Angel is trying to find the height of a radio antenna on the roof of a local building. He stands at a horizontal distance of 21 meters from the building. The angle of elevation from his eyes to the roof (point $A$ ) is $38^{\circ}$, and the angle of elevation from his eyes to the top of the antenna (point $B$ ) is $46^{\circ}$. If his eyes are 1.66 meters from the ground, find the height of the antenna (the distance from point $A$ to point $B$ ). Round your answer to the nearest tenth of a meter if necessary.
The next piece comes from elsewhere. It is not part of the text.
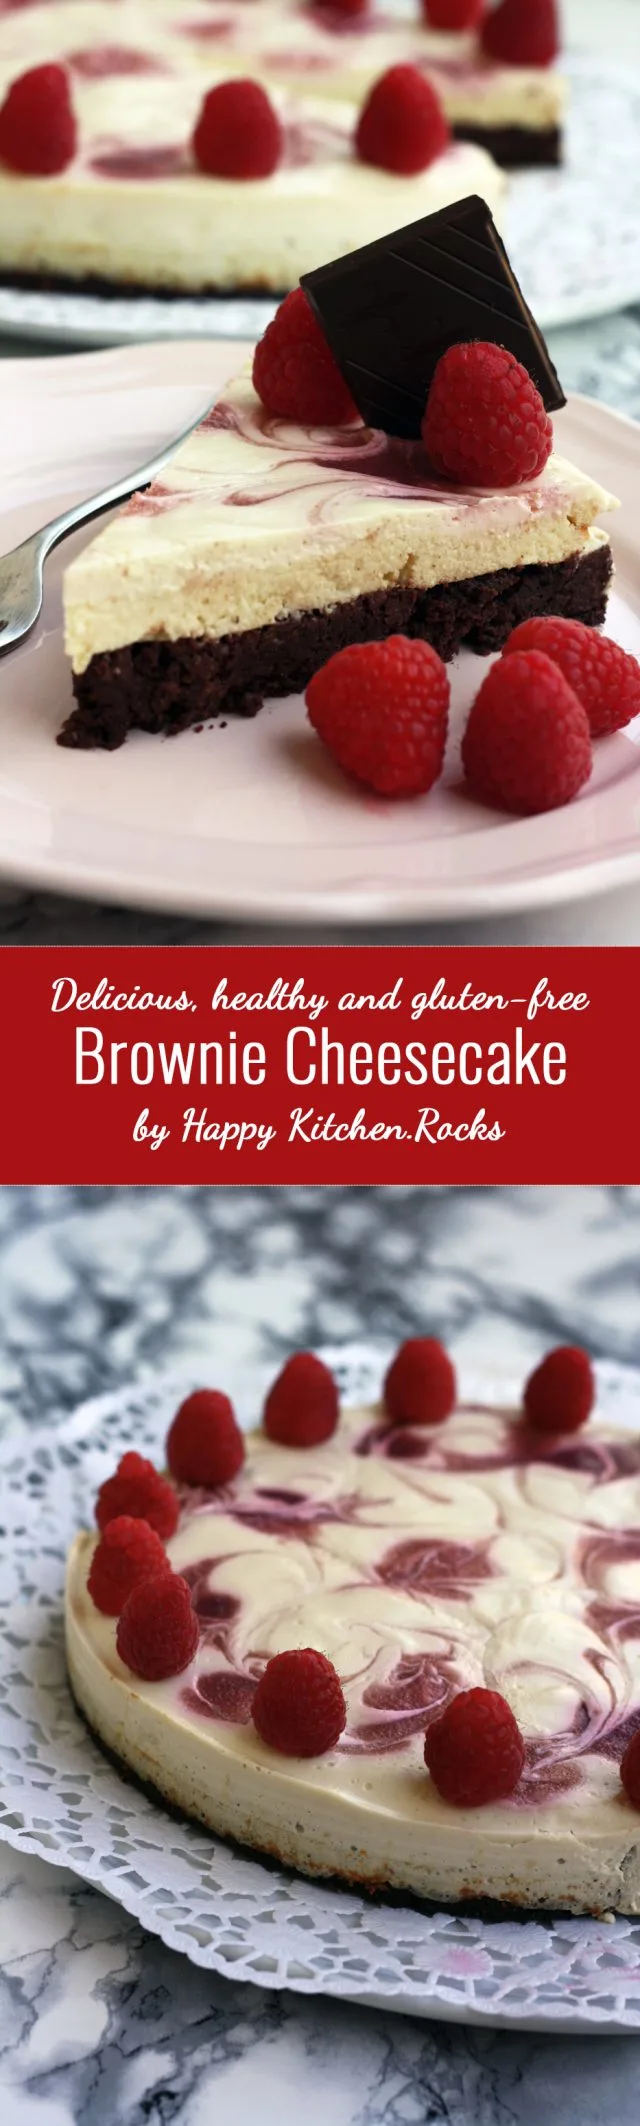 Healthy Brownie Cheesecake Super Long Collage with Text Overlay

Step 1 ：Let \(h_A\) be the height of the building from the ground to point \(A\), and \(h_B\) be the height of the building from the ground to point \(B\). We can use the tangent function to find \(h_A\) and \(h_B\):

Step 2 ：\[\tan(38^\circ) = \frac{h_A - 1.66}{21}\]

Step 3 ：\[\tan(46^\circ) = \frac{h_B - 1.66}{21}\]

Step 4 ：Solve these equations for \(h_A\) and \(h_B\):

Step 5 ：\[h_A \approx 18.07\]

Step 6 ：\[h_B \approx 23.41\]

Step 7 ：Find the height of the antenna by subtracting \(h_A\) from \(h_B\):

Step 8 ：\[\text{antenna height} = h_B - h_A \approx 5.34\]

Step 9 ：\[\boxed{\text{The height of the antenna is approximately 5.3 meters}}\]